Before me flash five years at his side, and in them, my happiest moments. I see us at the zoo, where we’d make up things animals would say about people if they could talk, about how they’d laugh at how silly we are for watching them shit. I see us at outdoor concerts with wayfarers on and beers in our hands. And I see him doing some annoyingly cute, computer-nerdy thing.
Now I’m in my car, hot all over, adrenaline-drunk and unsure. And I’m scared. I’m really fucking scared. Now I have no one. I have no friends in Minneapolis. I’m going to be alone forever.
Six Months Pass.
Six months after our breakup and I’m sitting in a hundred-degree bus in the middle of August after a day at the zoo, air musk-soaked with the sweat of a dozen coworkers. I’m sitting beside my manager.
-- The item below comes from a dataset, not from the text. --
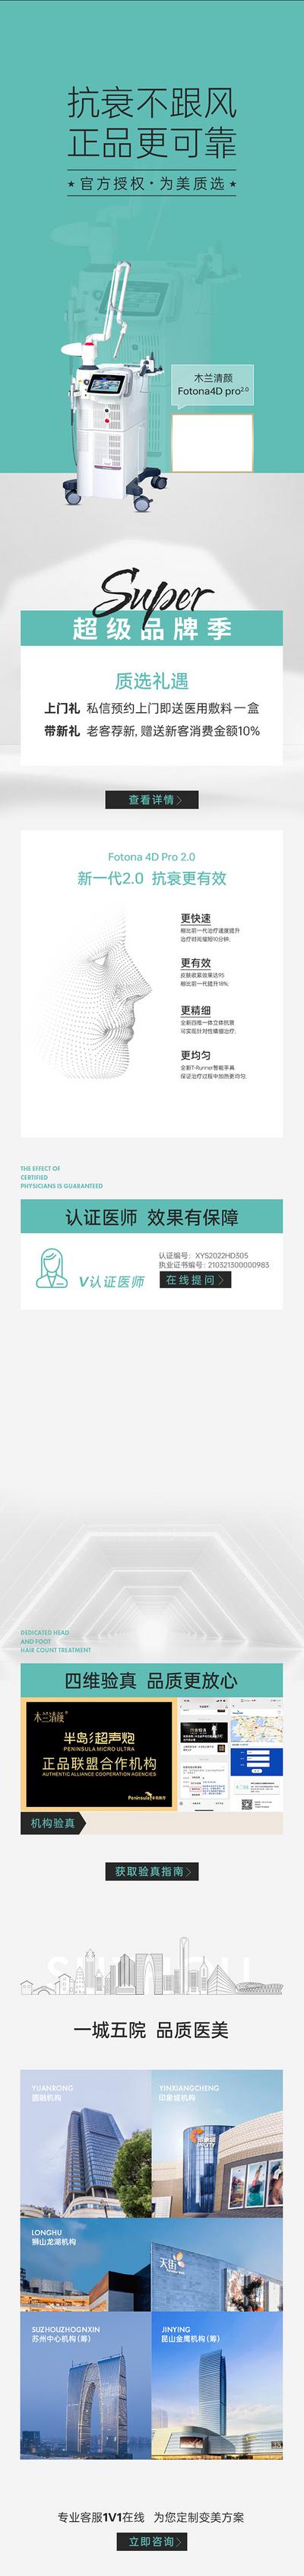 南门网 广告 海报 医美 仪器 设备 介绍 长图 科普 木兰清颜 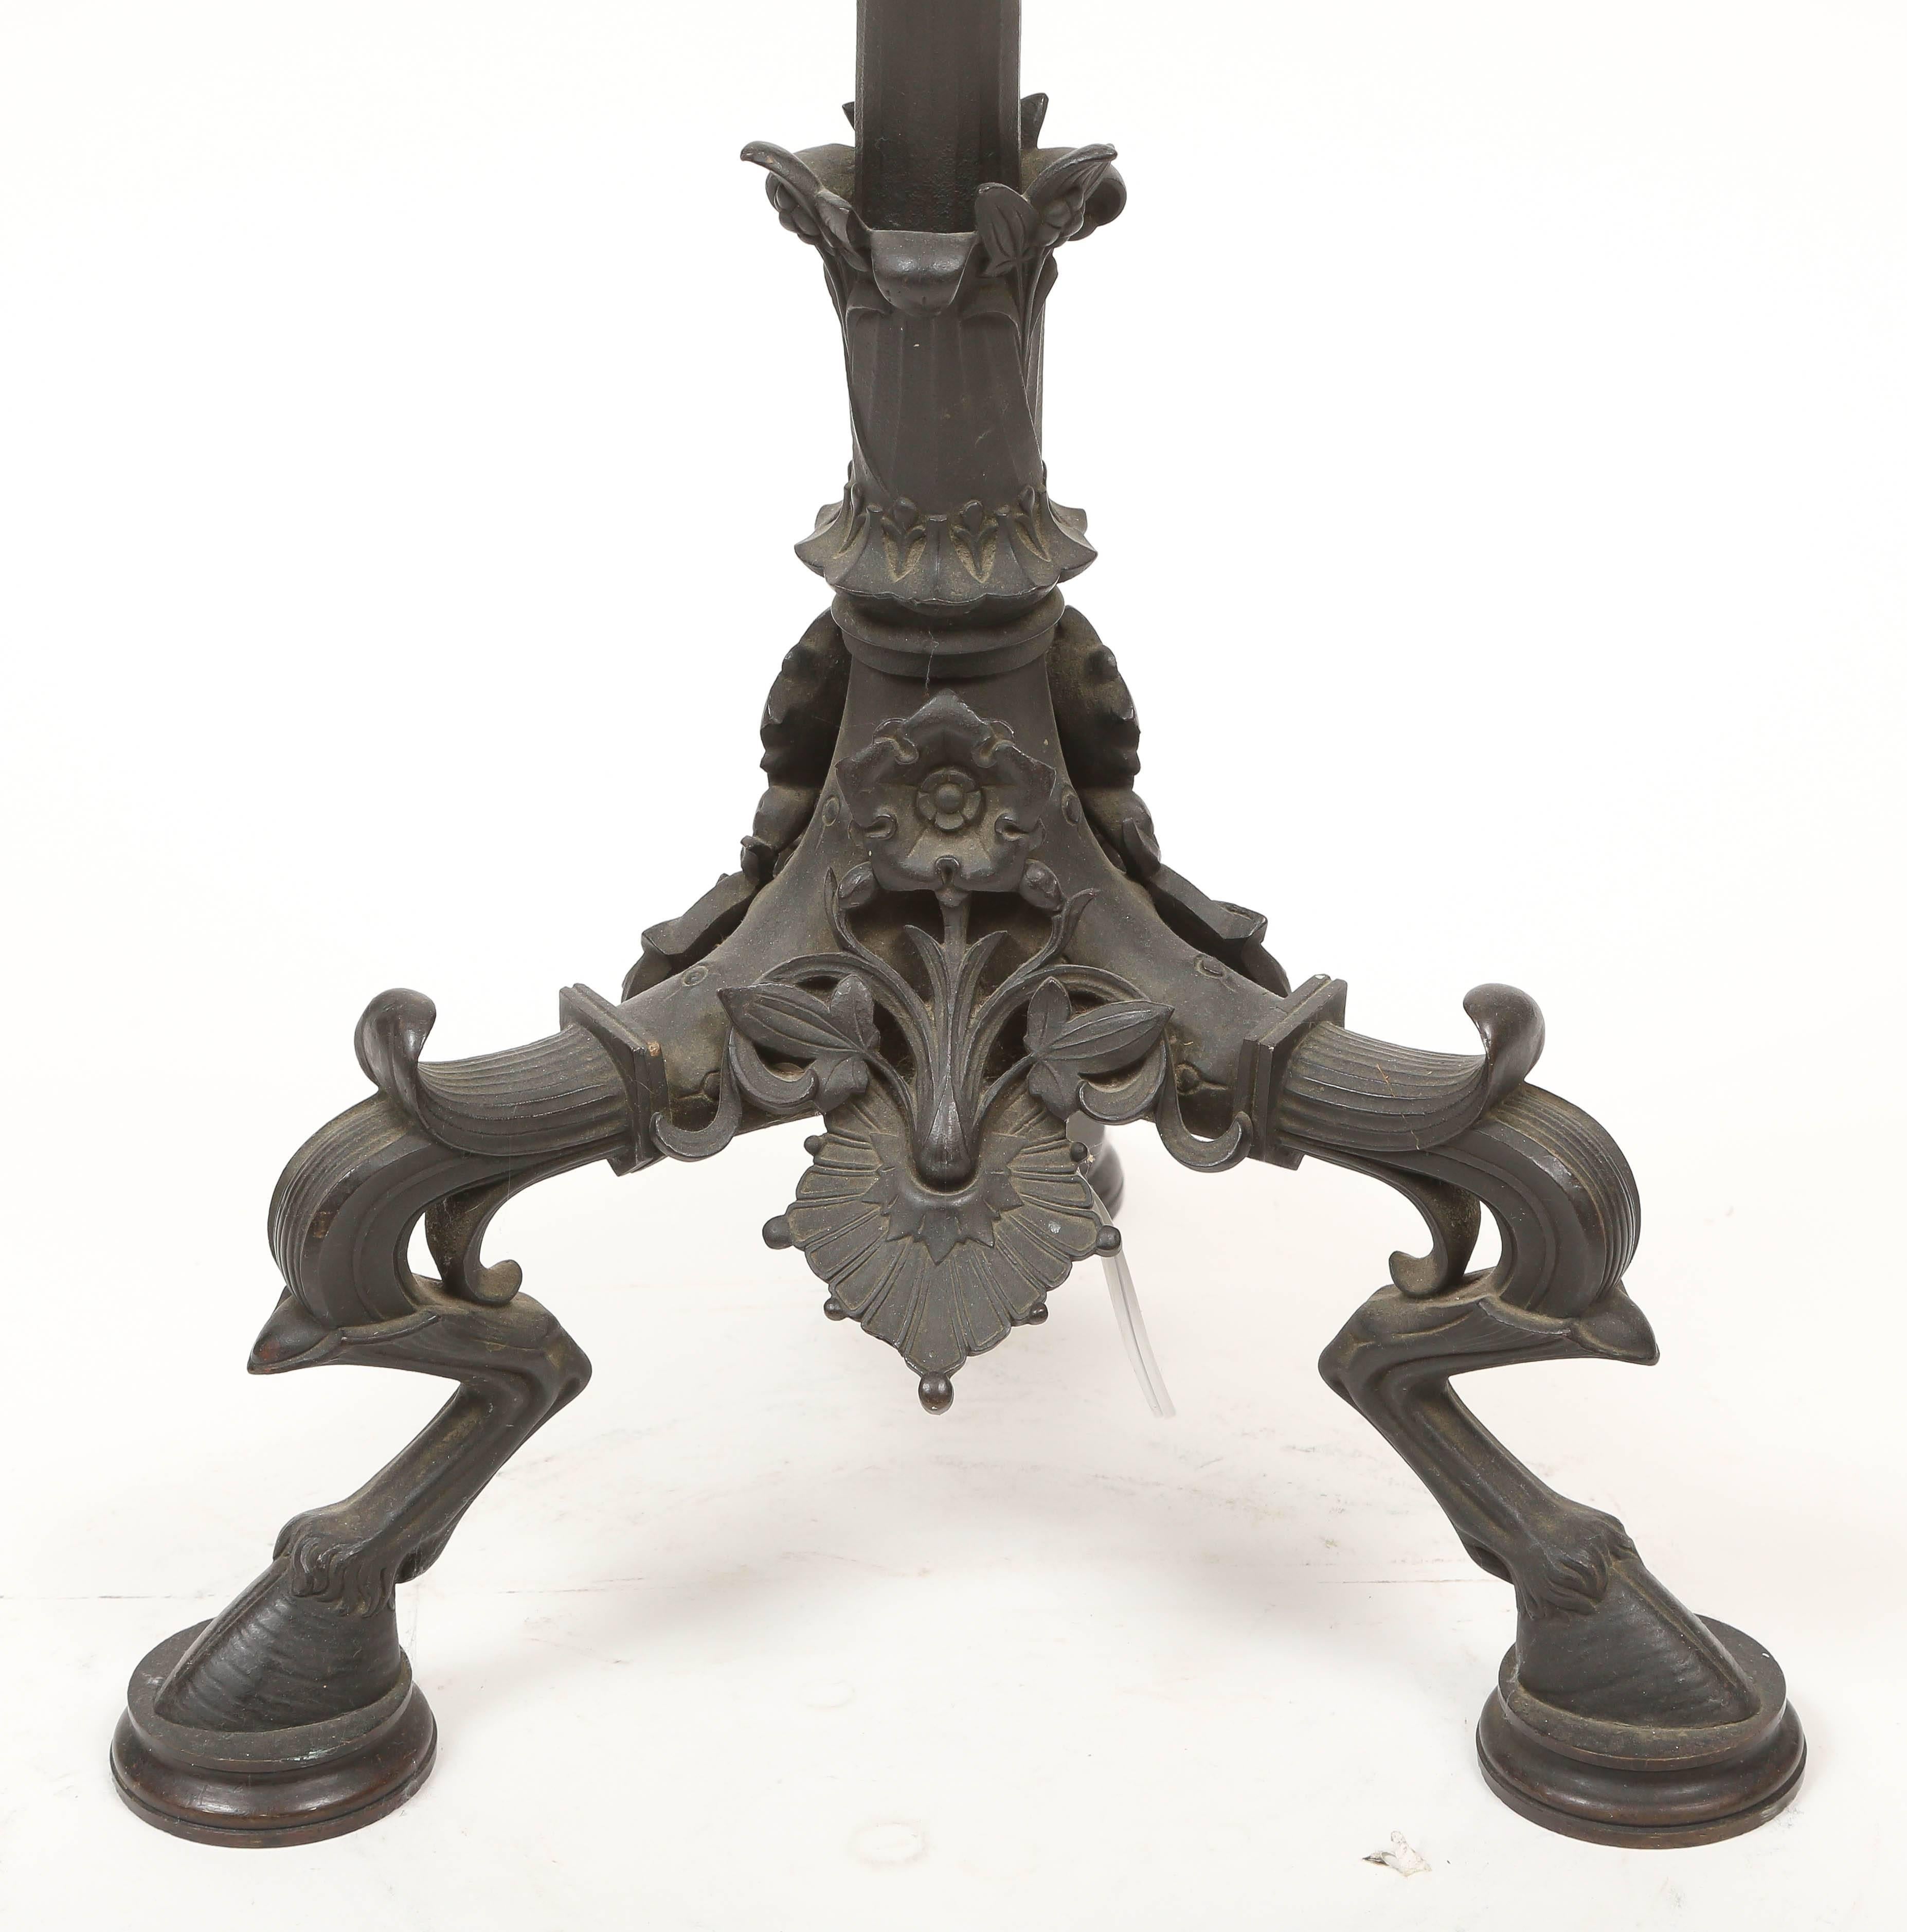 Rare lampadaire tripode de style pompéien attribué à la fonderie Caldwell & Company. Finition bronze patiné vert-de-gris. Électrifié avec deux prises de courant.

Six months after our breakup and I have friends. I’m able to sleep alone. I’m not depressed. I’m on my own, and I’m well. I didn’t need him then, and I sure as hell don’t need him now.
But his shadow remains, poking my mind every time I get him off of it, filling me whenever I smell his cologne, hear our music, talk to our friends. And my manager, the ever insightful, sees my suffering.
My manager knows. In her I confide maybe too much, but she’s non-judgmental, or good at hiding it if she is. She’ll share advice when I need it, and I need some today.
“Look, Jaclyn,” she says, “You have to ask yourself something: Do you want a man who will support you financially, or one who will support you emotionally?”
I look past her, through a dirty bus window and at the zoo. What? A man who will… What?
My vision blurs. There’s ringing in my ears. Oh my God. What am I doing?
So plainly hidden that it went unnoticed, her question is salvation from denial. Here I’ve sat in judgment of the love of my life, throwing around heart-crushing tantrums when things weren’t going my way. I’ve been harsh, stubborn, inflexible. And he’s the child?
Our breakup was partially the result of my imposing upon him “adulthood” as I knew it, of my ultimatum-laced Better-for-Us expectations. The future I wanted for us, no doubt well-intentioned, was MY future. Not ours.
What kind of man do I want, she asks? I want a man who will… I want the man who will make me happy.
I want him. My him. Not the him who belongs to my fantasies. Not the him who sits around with a broken heart. I want him, the man I love–and no more than who he is.
He is, after all, my kind of silly; my Sunday-morning-hangover partner-in-crime; my blanket-hogging, movie-watching, concert-going, love-making kind of guy.
As for adulthood? Fuck it. We define our own. I love him, and after a summer in doubt, I know this is, and will remain, true, suit-and-tie or not.
So it is on this bus I realize that we’ll be together again, and it is here at the zoo, as our bus pulls away, that I imagine inside live animals talking shit about silly people doing silly things.
Jaclyn lives in Minneapolis with her boyfriend, Brian. They haven’t been back to the zoo… yet.